The excess kurtosis is positive (leptokurtic): the tails are heavier than Gaussian because the 10% uniform component on \([-5, 5]\) injects samples far from the mean (the uniform has \(\sigma \approx 2.9\), much wider than the Gaussian \(\sigma = 1\)). By eye the histogram shows slightly heavier flanks and a flatter peak than a pure Gaussian. Whether “close enough” depends on the application: for SNR calculations the difference is modest, but for rare-event probabilities (e.g. bit error rate) the tail shape matters a lot.

Intermediate (continued)

A student tries to verify the \(\sqrt{K}\) averaging law but their measured improvement is consistently about 1.5 dB less than expected. Find the bug.

import numpy as np

rng = np.random.default_rng(0)
sigma = 1.0
N = 10000
noise = rng.standard_normal(N)

K_values = [4, 16, 64, 256]
for K in K_values:
    n_blocks = N // K
    block_means = []
    for i in range(n_blocks):
        block = noise[i*K : i*K + K + 1]   # <-- suspect line
        block_means.append(np.mean(block))
    measured_std = np.std(block_means)
    expected_std = sigma / np.sqrt(K)
    improvement = 10 * np.log10(sigma**2 / measured_std**2)
    expected_db  = 10 * np.log10(K)
    print(f"K={K:3d}: measured {improvement:.1f} dB, expected {expected_db:.1f} dB")
  1. What does the slice noise[i*K : i*K + K + 1] actually return? How many samples does it include?

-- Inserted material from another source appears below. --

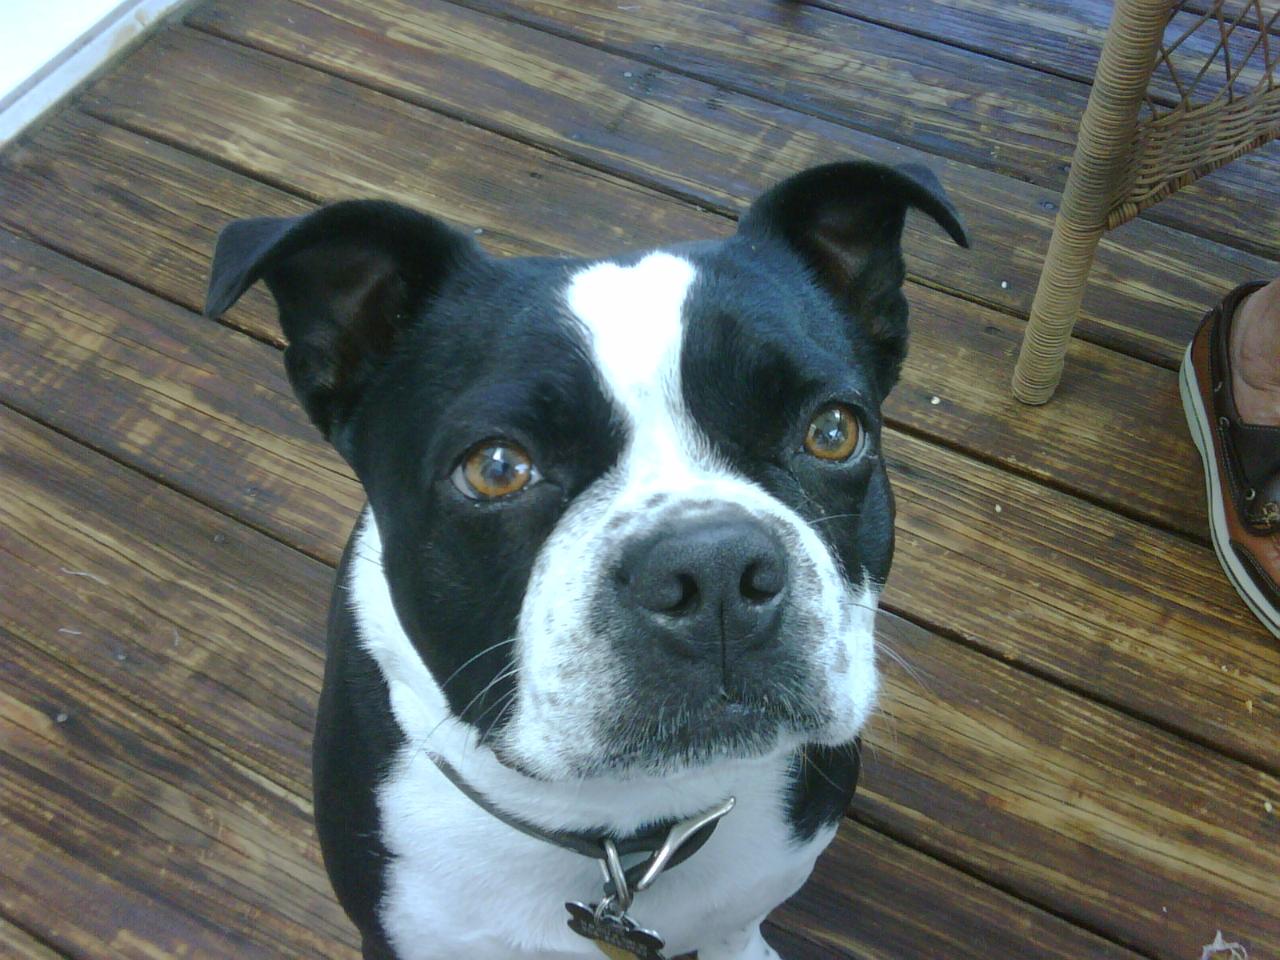 Dino The Boston Bull Dog (user submitted)

  2. How does this affect the averaging? Why does it cause an underestimate of the improvement?

  3. Fix the bug and re-run to confirm the measurements match theory.

  1. The slice noise[i*K : i*K + K + 1] returns K + 1 samples instead of K. Python’s slice a:b returns indices a, a+1, ..., b-1, so a : a + K + 1 gives K + 1 elements. Each “block” is one sample longer than intended.

  2. Two effects combine. First, each block has K + 1 samples, so the actual noise reduction is \(10\log_{10}(K+1)\), slightly more than the expected \(10\log_{10}(K)\). Second, and more importantly, consecutive blocks overlap by one sample (block \(i\) ends at index i*K + K, block \(i+1\) starts at (i+1)*K = i*K + K). This shared sample introduces positive correlation between adjacent block means. Correlated block means have higher variance than independent ones, so np.std(block_means) is inflated, which makes the measured noise reduction appear smaller than theory predicts. The overlap effect dominates, producing the observed ~1.5 dB shortfall.

import numpy as np

rng = np.random.default_rng(0)
sigma = 1.0
N = 10000
noise = rng.standard_normal(N)

K_values = [4, 16, 64, 256]
print("Fixed version:")
for K in K_values:
    n_blocks = N // K
    block_means = []
    for i in range(n_blocks):
        block = noise[i*K : i*K + K]   # fixed: K samples, not K+1
        block_means.append(np.mean(block))
    measured_std = np.std(block_means)
    improvement = 10 * np.log10(sigma**2 / measured_std**2)
    expected_db  = 10 * np.log10(K)
    print(f"K={K:3d}: measured {improvement:.1f} dB, expected {expected_db:.1f} dB")
Fixed version:
K=  4: measured 5.9 dB, expected 6.0 dB
K= 16: measured 11.8 dB, expected 12.0 dB
K= 64: measured 16.6 dB, expected 18.1 dB
K=256: measured 25.2 dB, expected 24.1 dB

Fix: remove the + 1 from the upper slice bound. The corrected results track \(10\log_{10}(K)\) closely.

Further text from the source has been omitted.